- _Given information_:
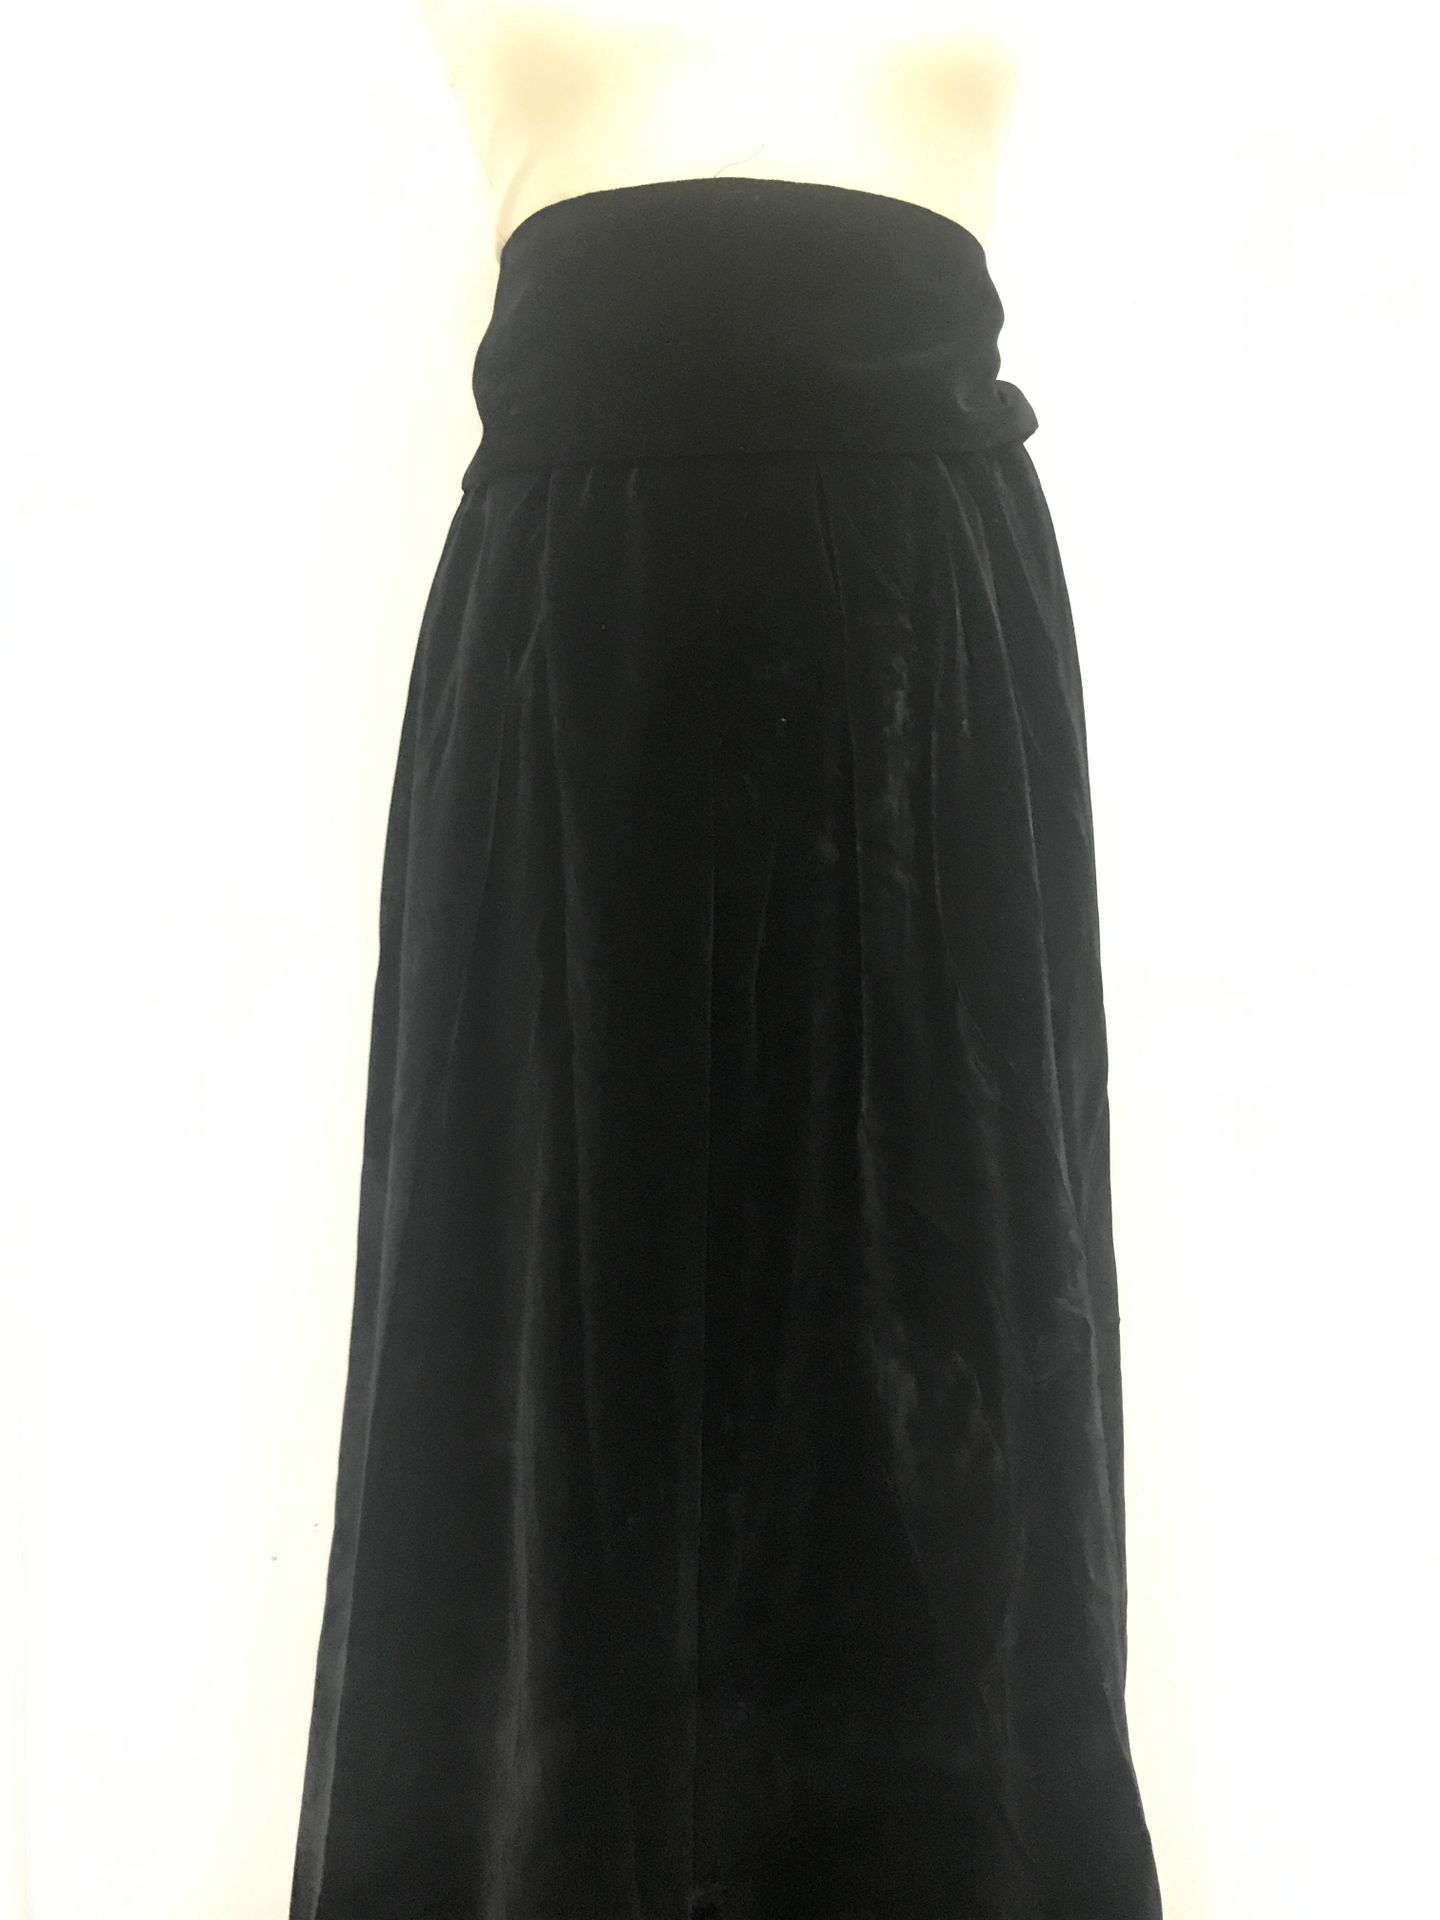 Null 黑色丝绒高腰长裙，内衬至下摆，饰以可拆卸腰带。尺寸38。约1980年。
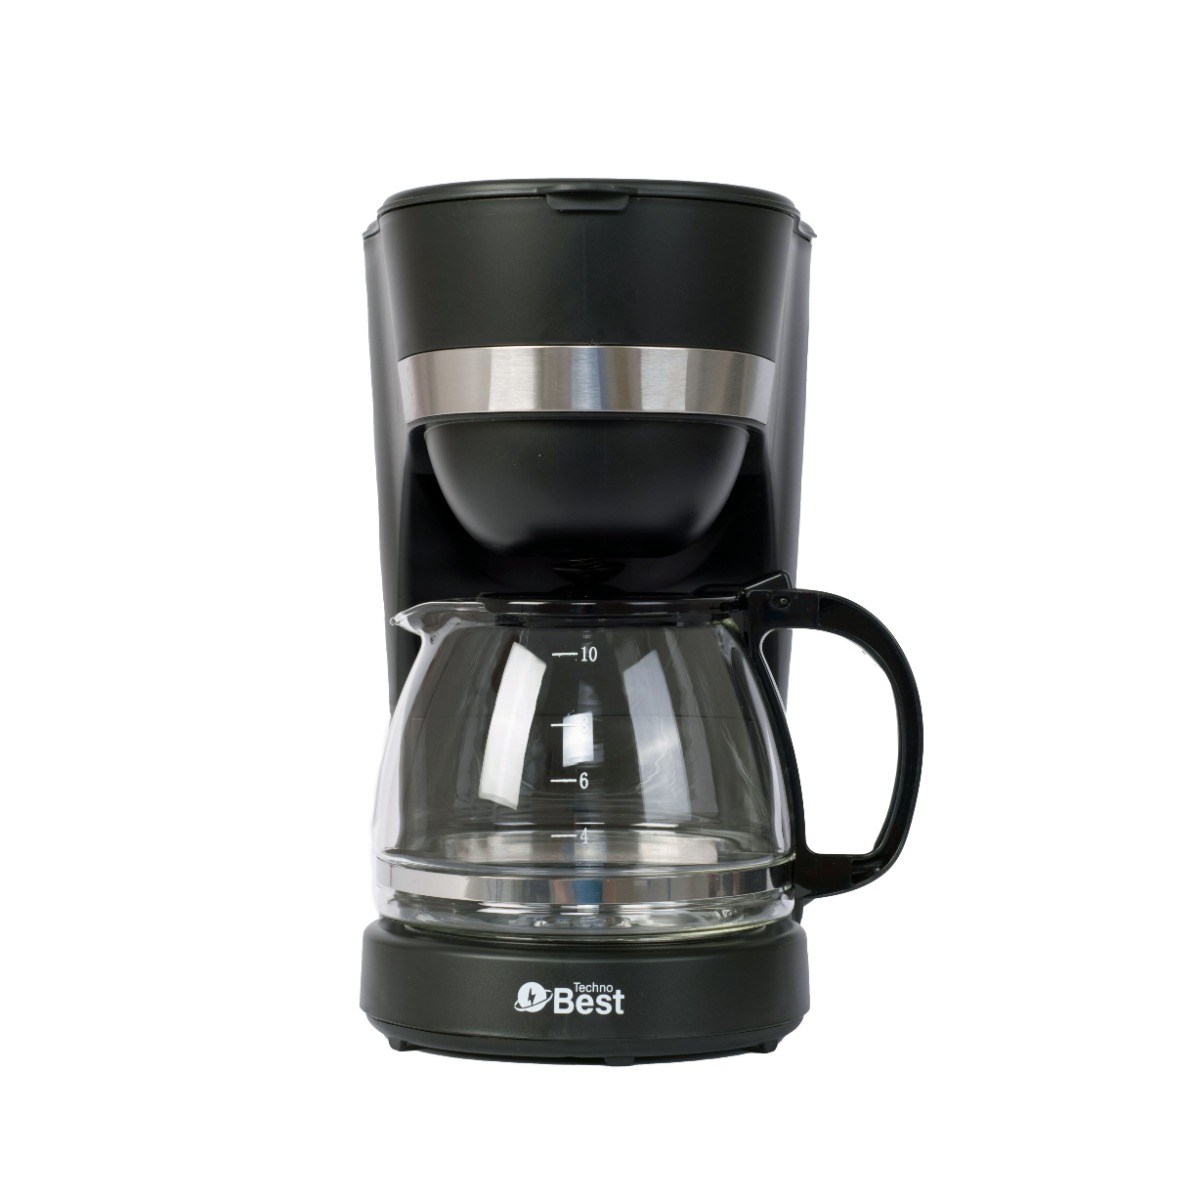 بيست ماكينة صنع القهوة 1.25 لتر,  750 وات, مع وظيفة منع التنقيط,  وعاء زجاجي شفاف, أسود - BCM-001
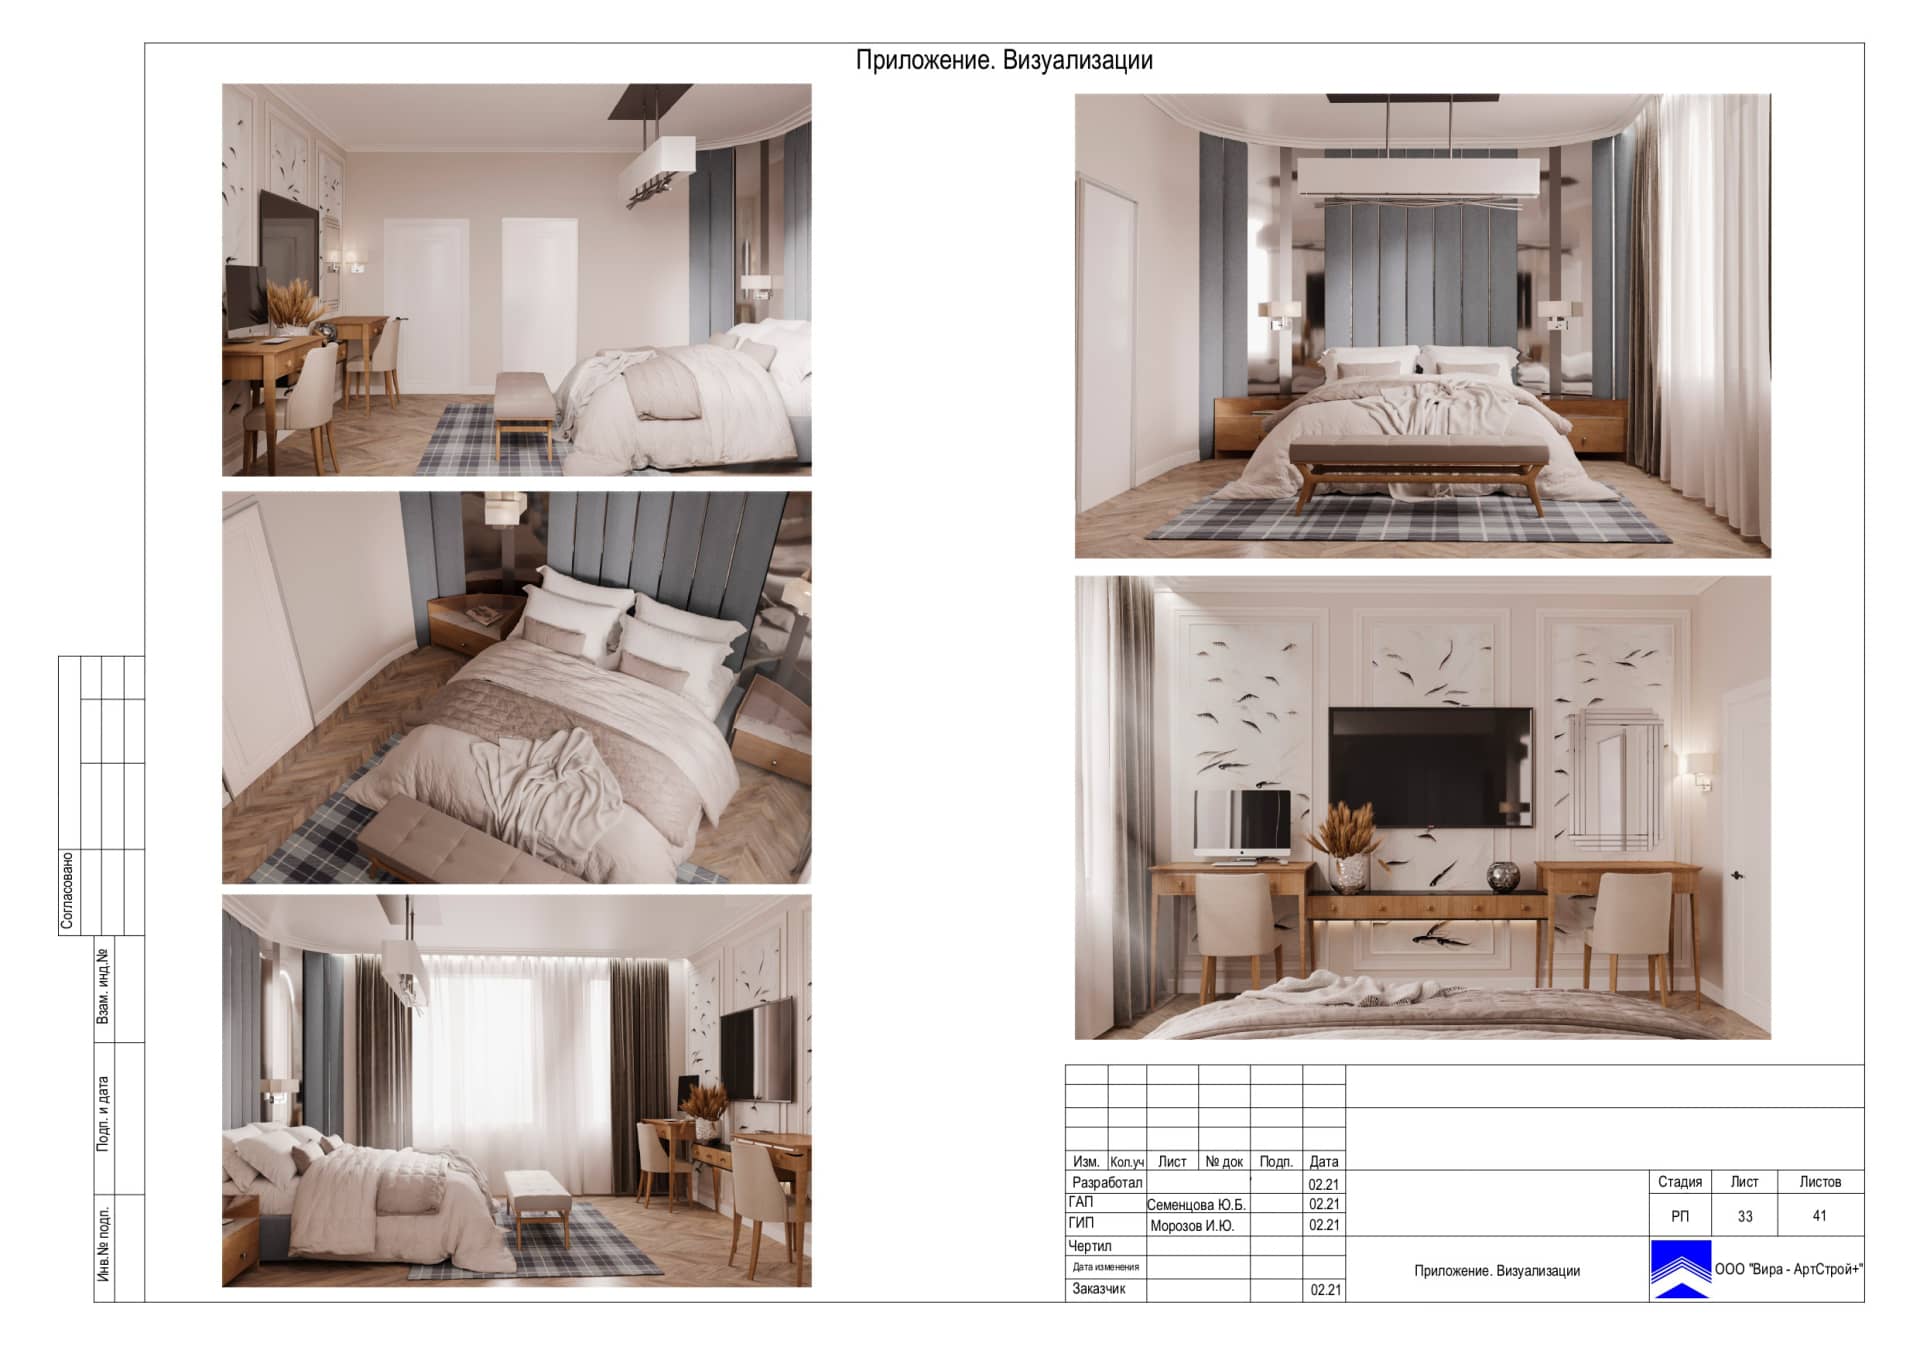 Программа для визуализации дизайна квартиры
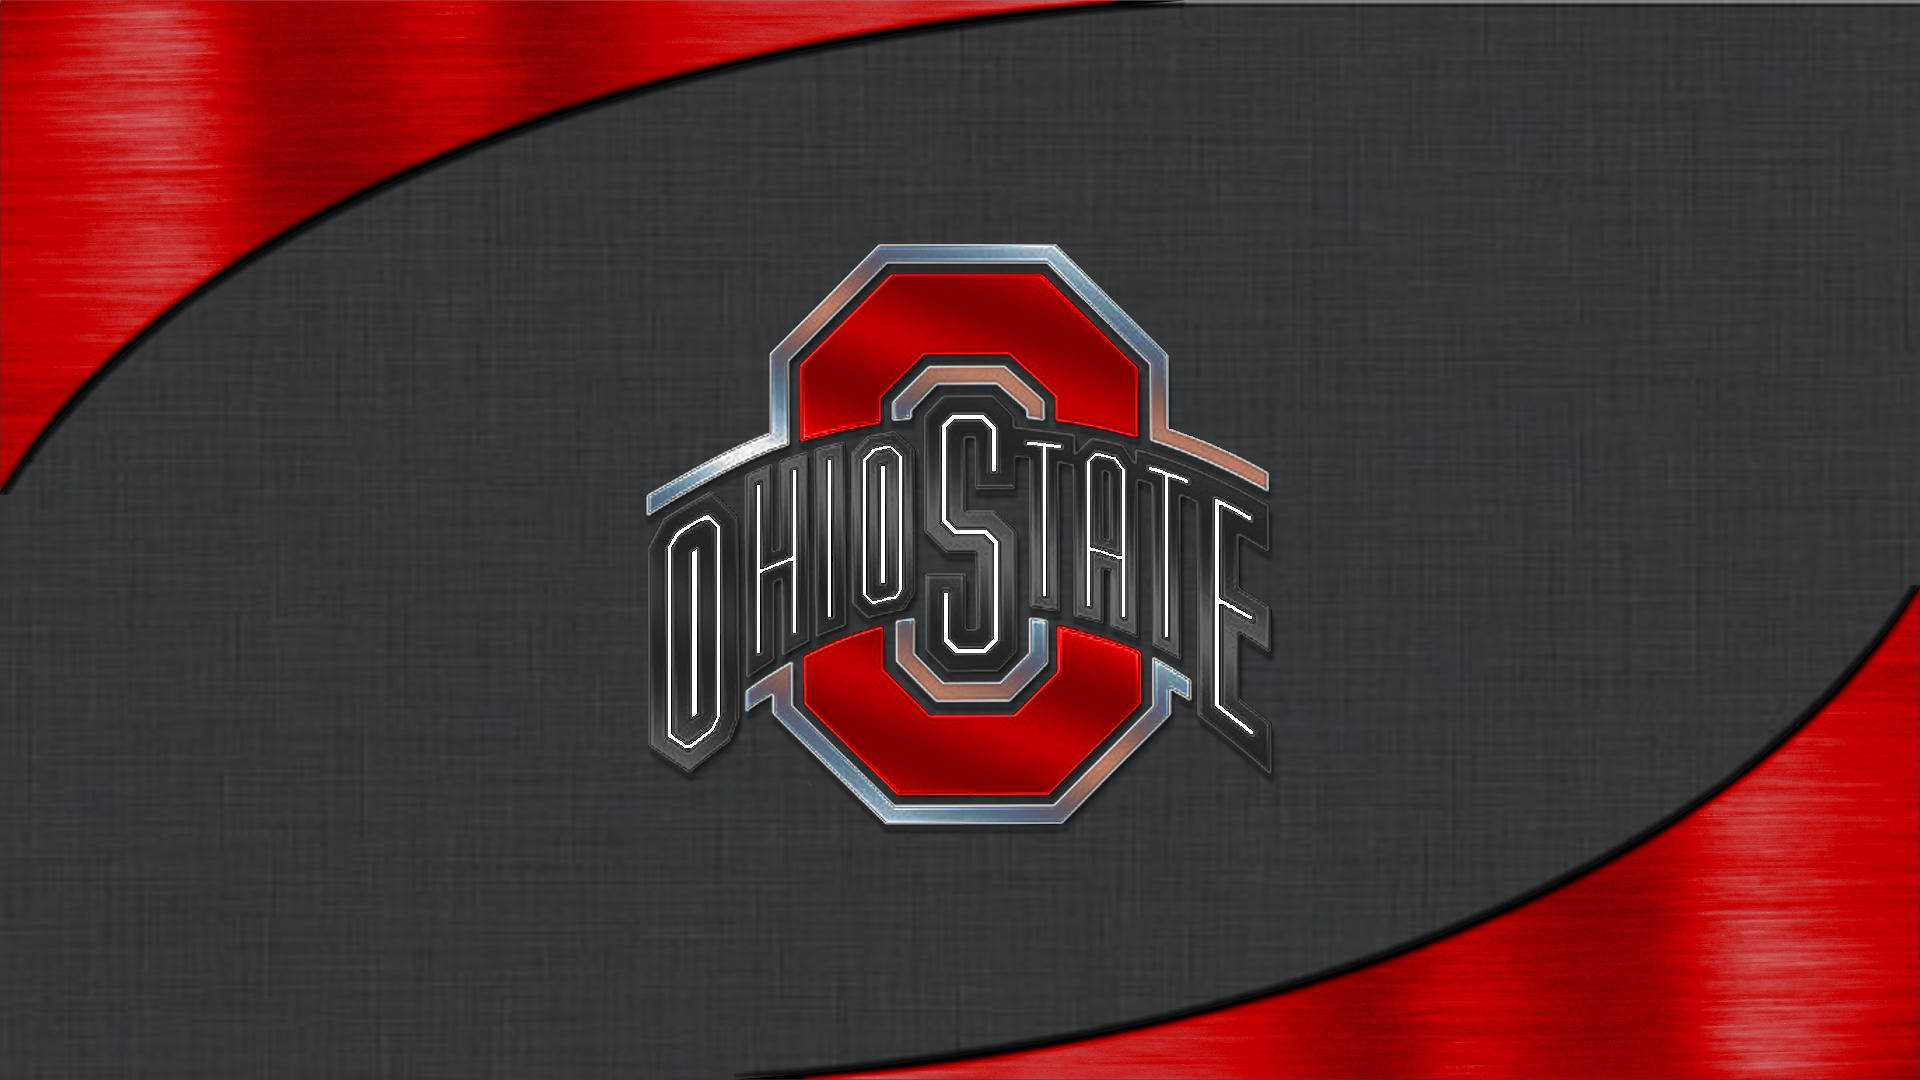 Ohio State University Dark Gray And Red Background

- _Aim of the task_:
Output the material word for word, and keep the pictures out.

- _Response below_:
 Null 黑色丝绒高腰长裙，内衬至下摆，饰以可拆卸腰带。尺寸38。约1980年。
 بيست ماكينة صنع القهوة 1.25 لتر,  750 وات, مع وظيفة منع التنقيط,  وعاء زجاجي شفاف, أسود - BCM-001
 Программа для визуализации дизайна квартиры
 Ohio State University Dark Gray And Red Background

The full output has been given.